Task objective -> Transcribe everything in the listing below exactly, except the pictures.

Provided data ->
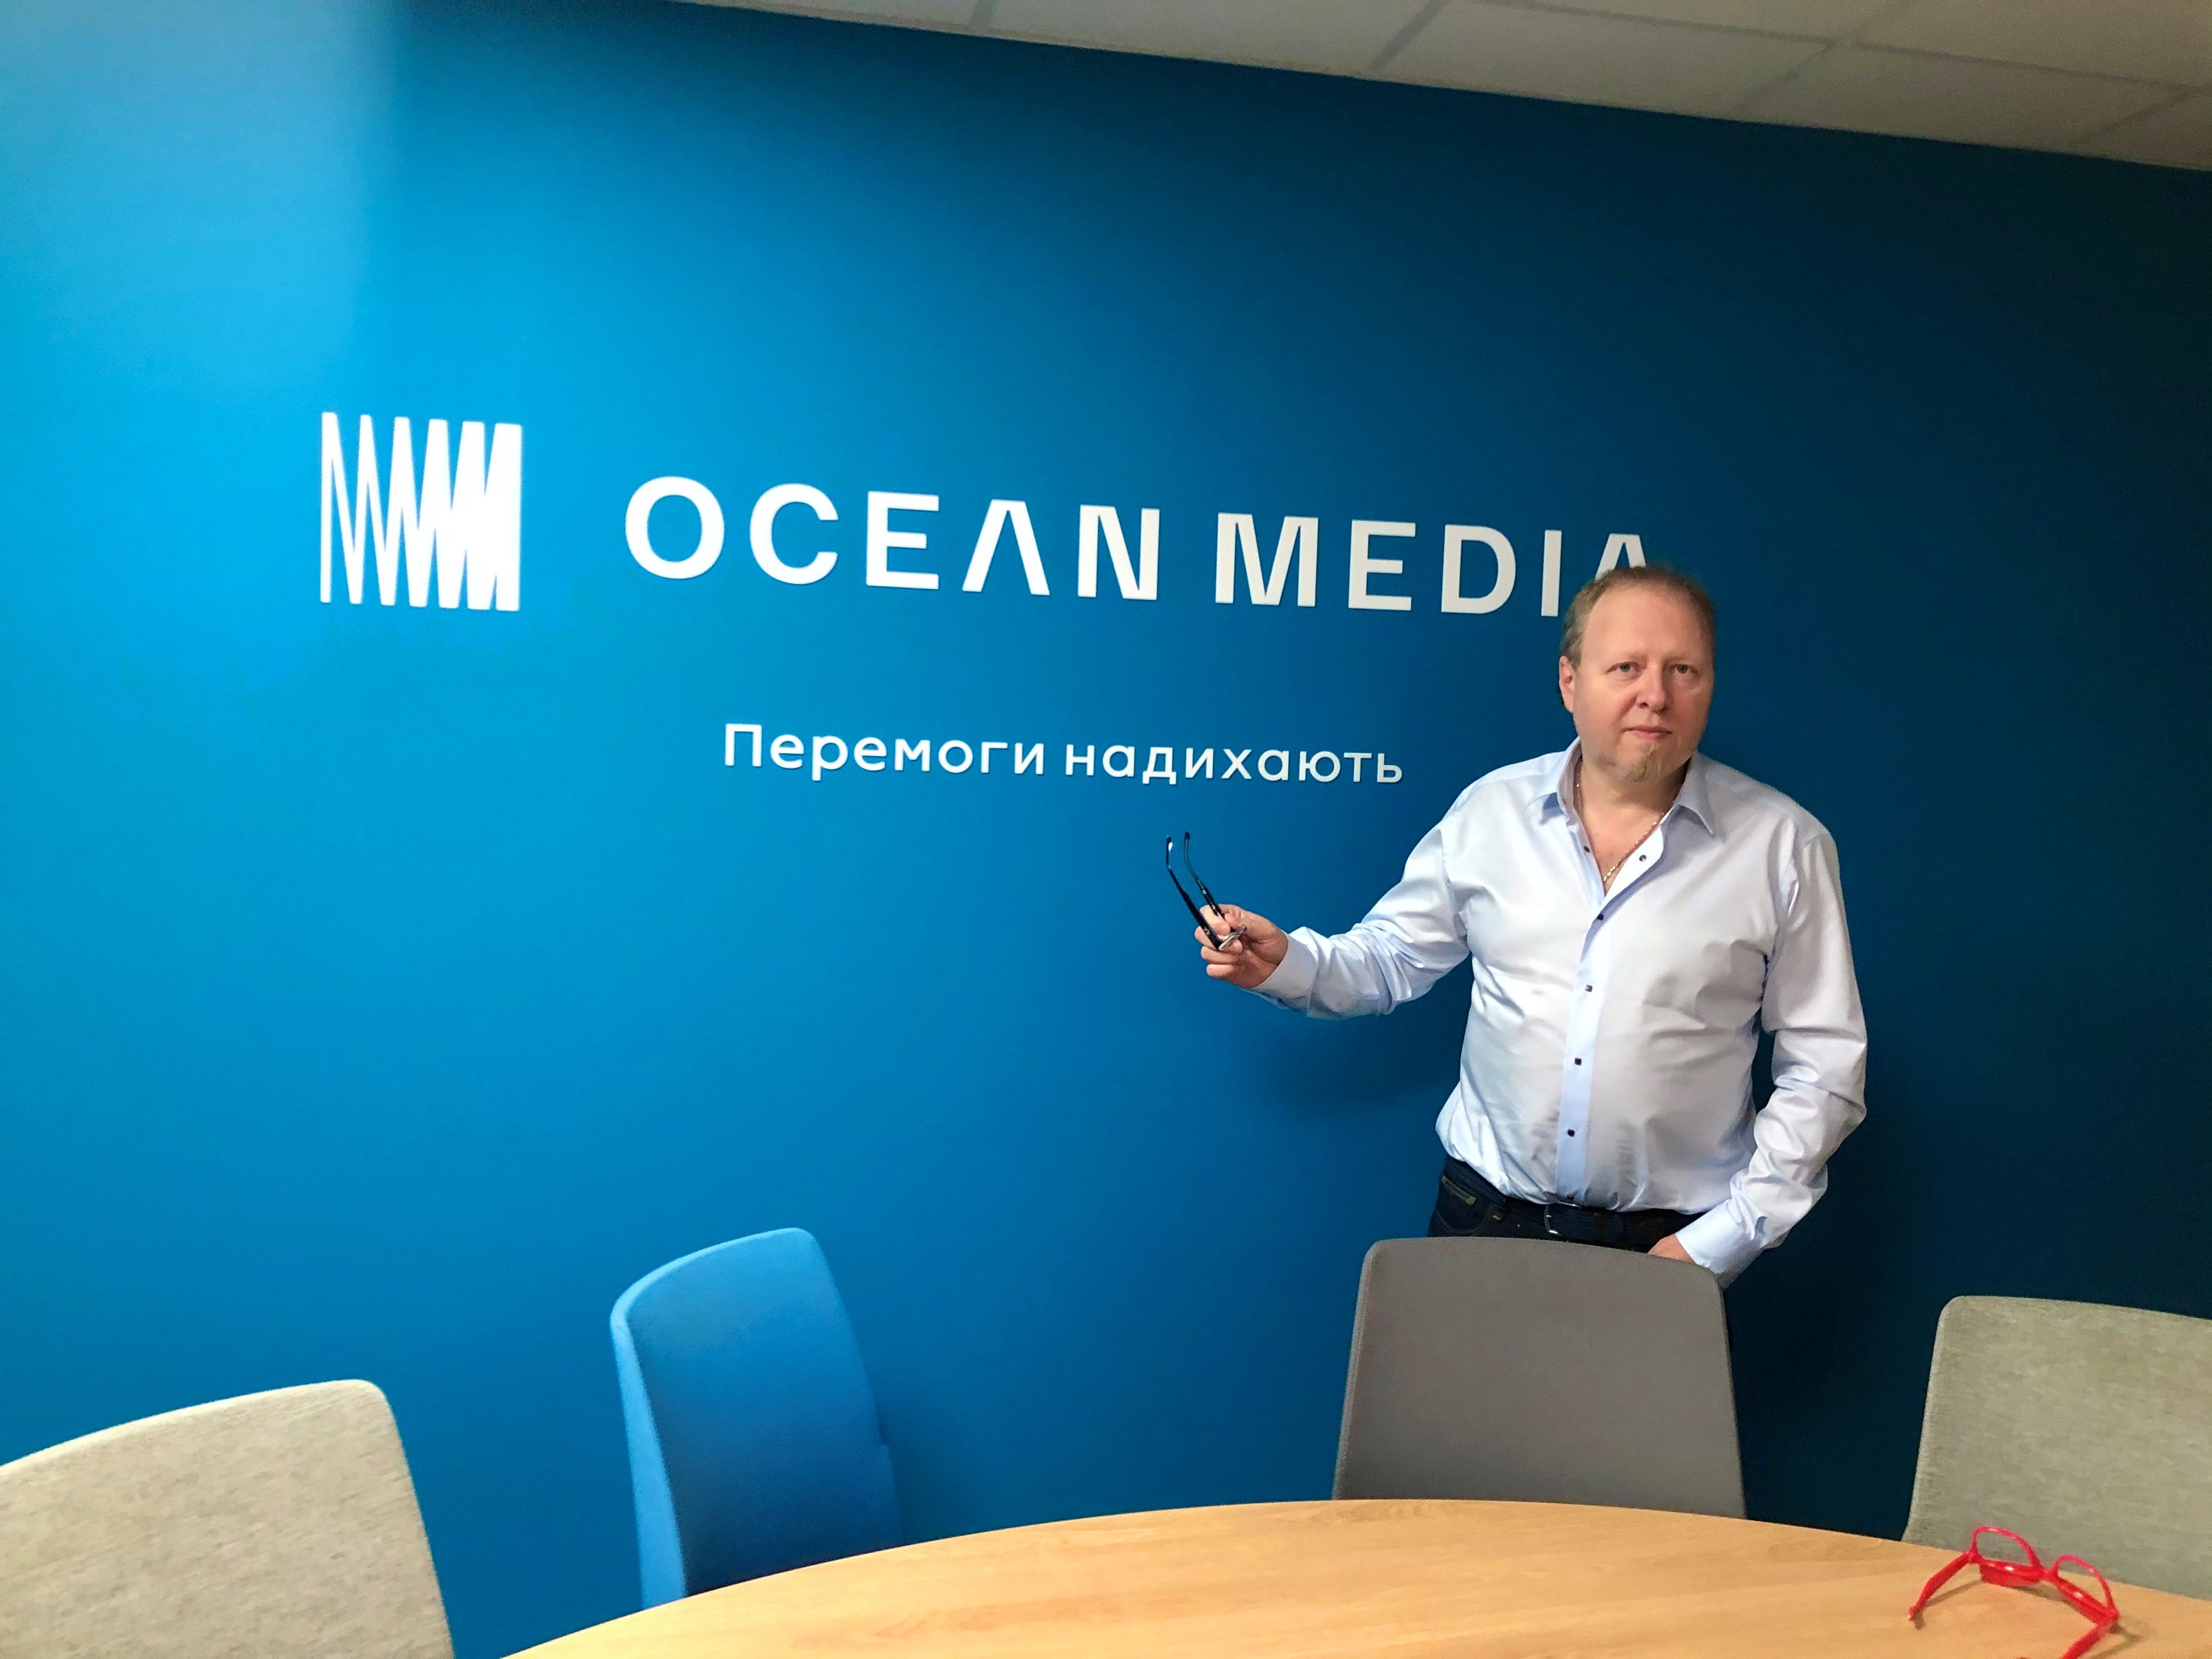 Андрій Партика, Ocean Media: Нинішня криза є однією з найм’якших для телереклами
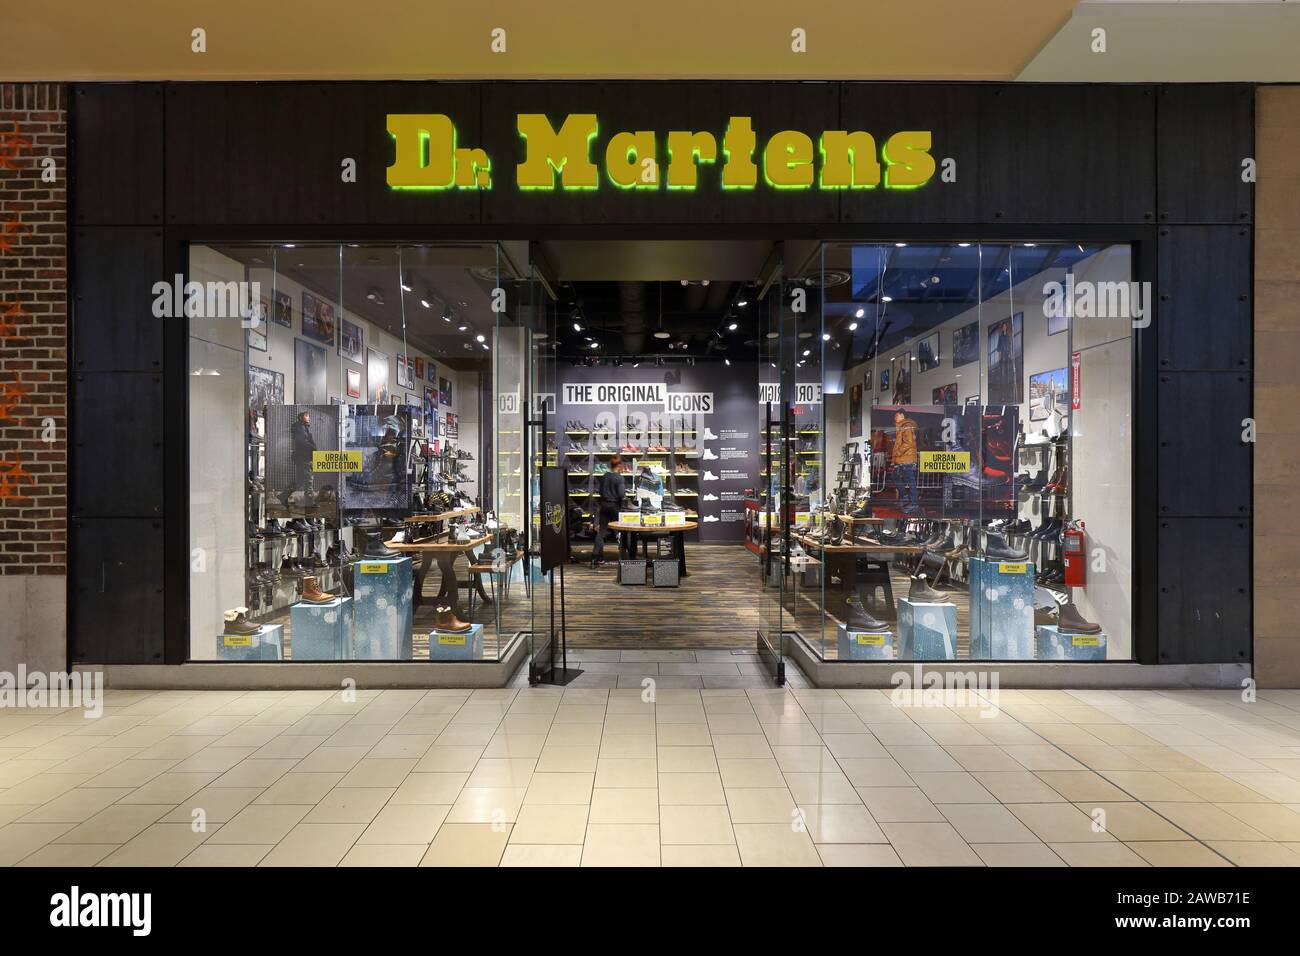 Une boutique de chaussures Dr. Martens dans un centre commercial à New York, NY. Banque D'Images
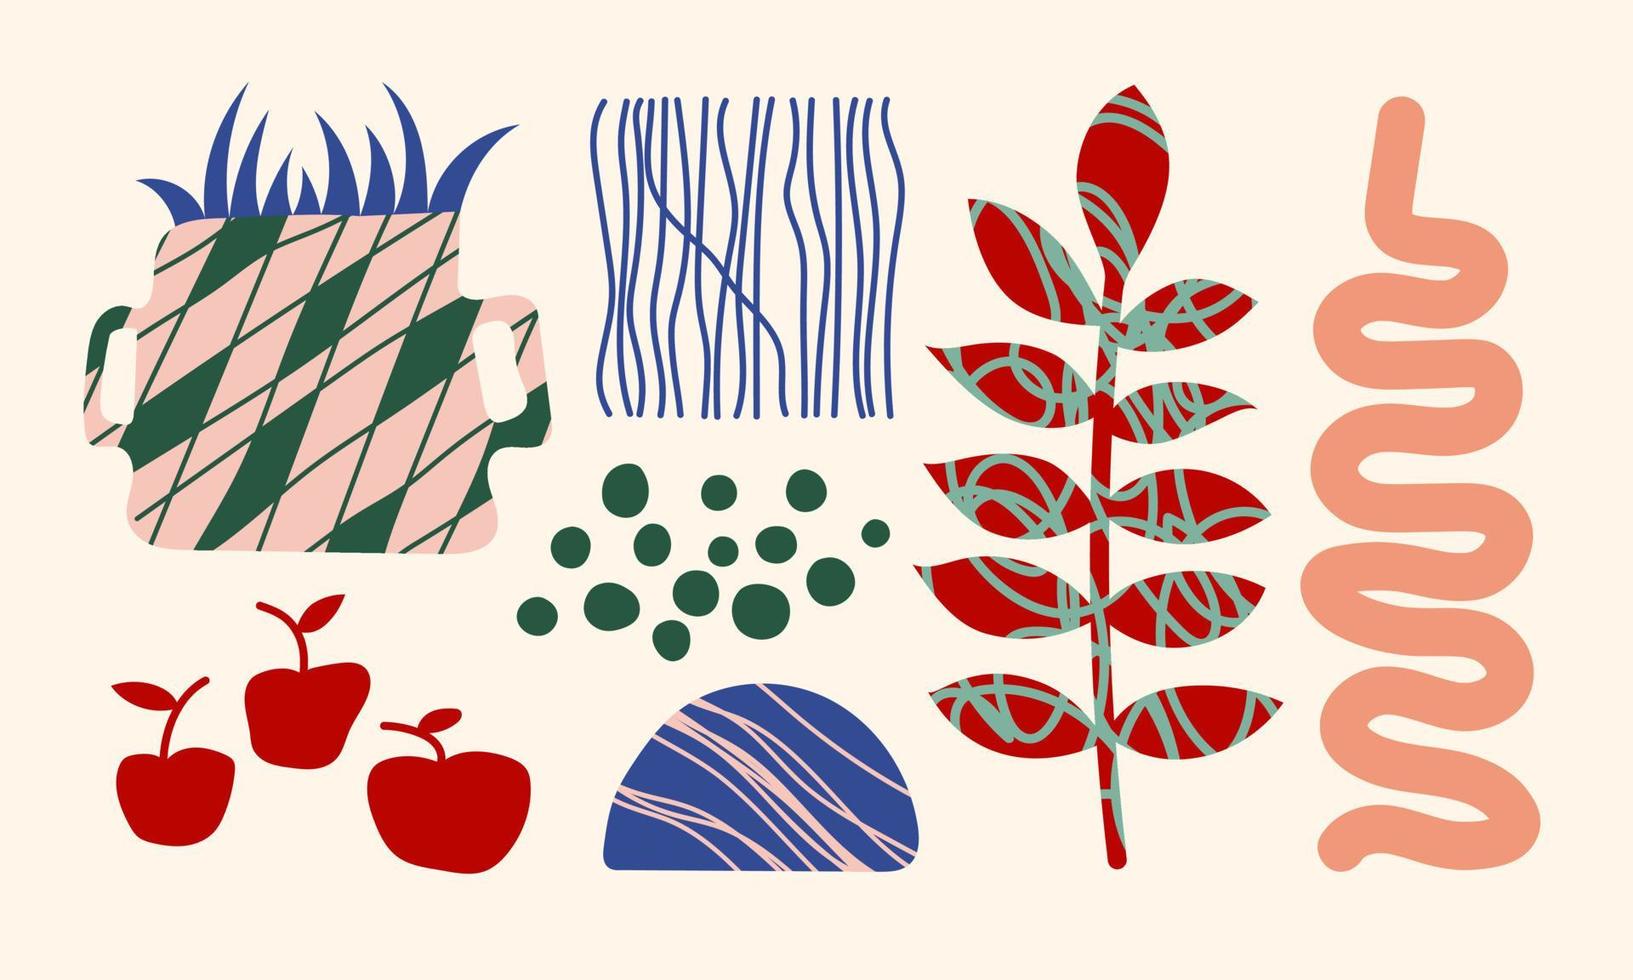 Aufkleber Satz. Vasen, Texturen, Pflanzen, Blumen, Früchte. Zeichnung Stil. bunt Abbildungen zum Abdeckungen, Bilder. Innere malen. Hand gezeichnet Mode Vektor Illustration.

Result below ->
 Андрій Партика, Ocean Media: Нинішня криза є однією з найм’якших для телереклами
 Une boutique de chaussures Dr. Martens dans un centre commercial à New York, NY. Banque D'Images
 Aufkleber Satz. Vasen, Texturen, Pflanzen, Blumen, Früchte. Zeichnung Stil. bunt Abbildungen zum Abdeckungen, Bilder. Innere malen. Hand gezeichnet Mode Vektor Illustration.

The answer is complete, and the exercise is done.